It is a great question because as Daniel mentioned, when you are the one writing the code, you develop this kind of tunnel vision. You know exactly where the buttons are, you know the exact sequence of clicks to get to a result, and you subconsciously avoid the paths that might be buggy or confusing. You are the worst person to test your own U-I because you have the map of the maze memorized. And Daniel’s example of the missing storage I-D is perfect. It is one of those things that is obvious once you realize it—you need a unique identifier to distinguish between two identical-looking shelves—but until then, it is a total blind spot because you, the developer, just know which one is which in the database.

And the traditional solution, which Daniel also pointed out, is focus groups or beta testers. But those are slow, they are expensive, and let’s be honest, they are often unreliable. People might not be able to articulate why they are frustrated, or they might just give up without telling you where they got stuck. Or worse, they are too polite to tell you your app is a mess. What Daniel is proposing is essentially an automated, tireless, and highly analytical user that can run a thousand sessions in the time it takes a human to finish one. We are talking about the democratization of high-end Q-A.

So, the big question is, where are we with this in February of twenty twenty-six? Is this still a science fiction concept, or are there actual tools and frameworks that a developer like Daniel can use right now to red-team his U-X? Because if I am Daniel, I want to know if I can run a script tonight that tells me why my inventory system is going to confuse a warehouse manager next month.

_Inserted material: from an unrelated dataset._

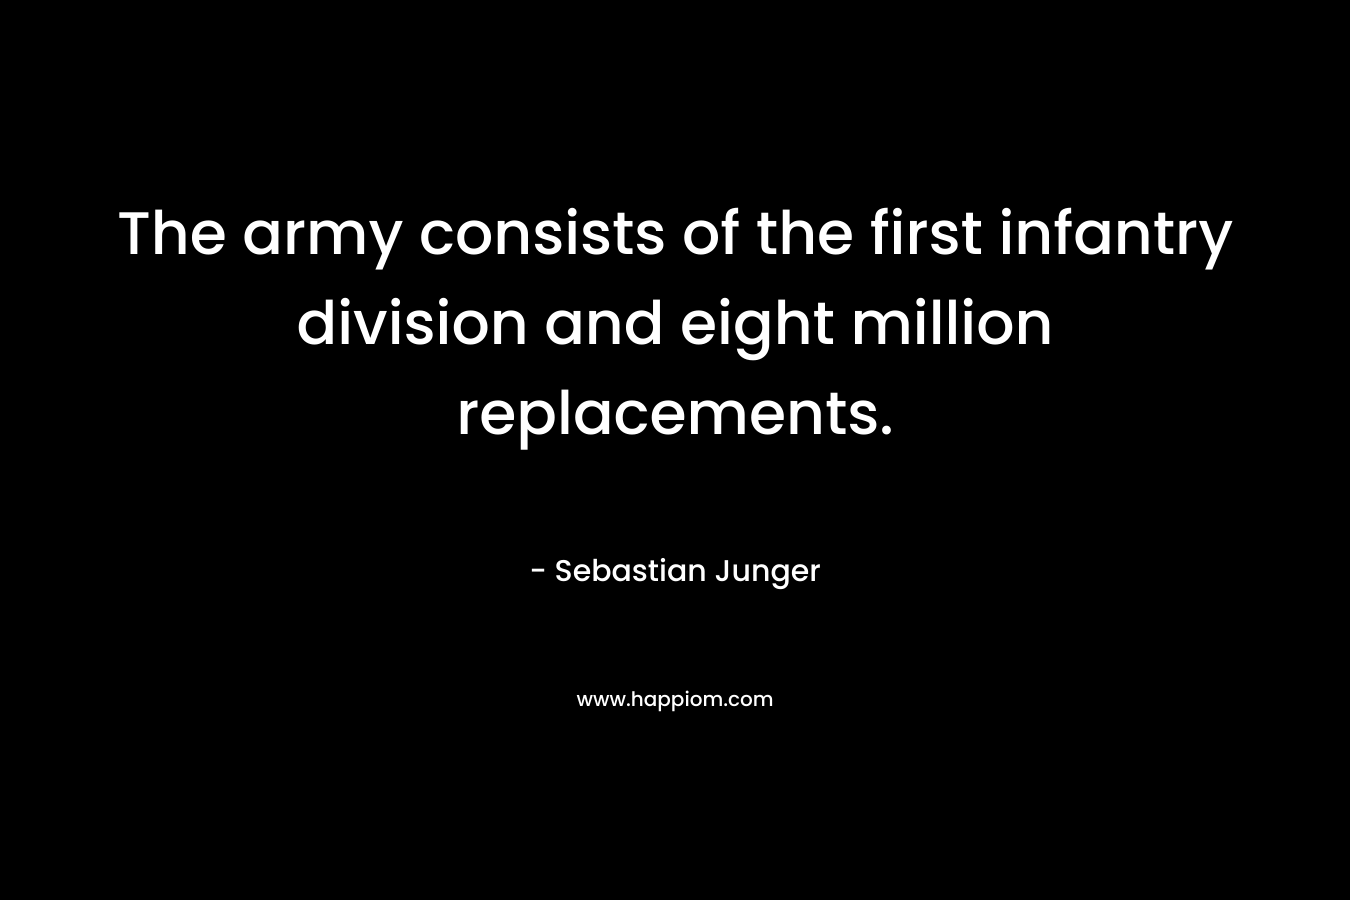 The army consists of the first infantry division and eight million replacements. – Sebastian Junger

We are actually in the middle of a massive shift here. For a long time, automated U-I testing was very rigid. You had tools like Selenium or Playwright where you had to explicitly tell the script to click a specific element with a specific I-D. If you changed the I-D or moved the button three pixels to the left, the test broke. It was not intelligent; it was just a recording. But now, in twenty twenty-six, we are seeing the rise of what people are calling Large Action Models or L-A-Ms and Vision Language Models, or V-L-Ms, that can actually see and interact with a U-I the way a human does. They don't care about the underlying code as much as they care about the visual affordances.

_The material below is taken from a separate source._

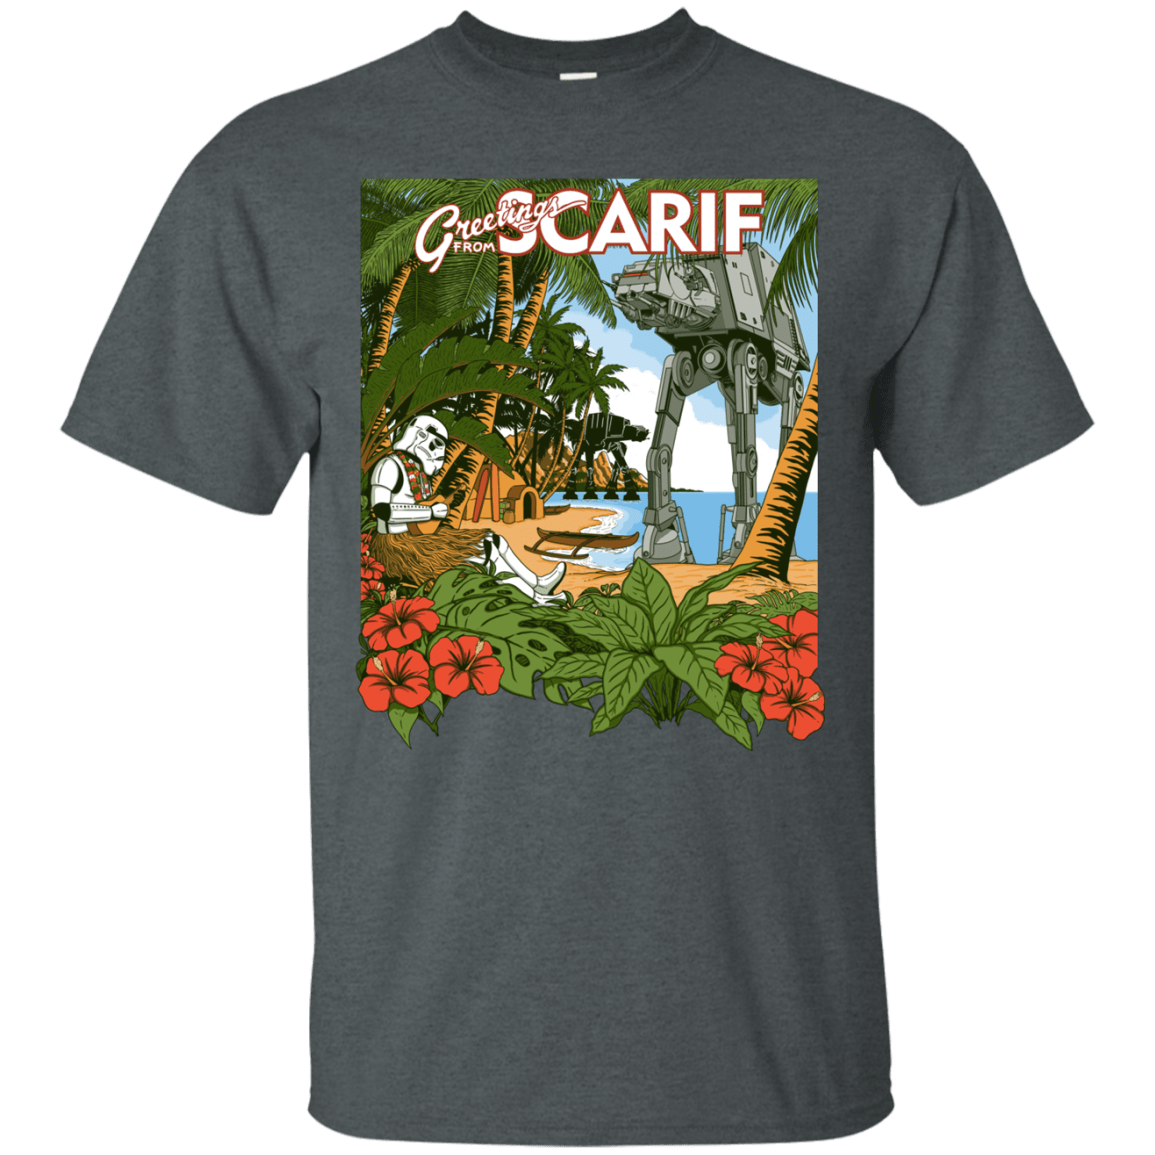 T-Shirts Dark Heather / S Greetings from Scarif T-Shirt

Right, so instead of looking for a specific line of code like button-id-seven-four-nine, the A-I is literally looking at the pixels on the screen. It sees a button that says Submit and it understands the semantic meaning of that button. It knows that clicking Submit usually sends data.

And this is where it gets really interesting for what Daniel is asking. There is a framework called App-Agent that came out of research a little while back, and by now, it has evolved significantly. The way it works is that you give the agent a high-level goal, like, I want to add a new item to my inventory and assign it to a specific shelf. The agent then explores the U-I. It takes a screenshot, it looks at the visual layout, it identifies the interactive elements using something called Set-of-Mark prompting—where it overlays numbers on every clickable item—and then it decides what to do next based on its reasoning engine.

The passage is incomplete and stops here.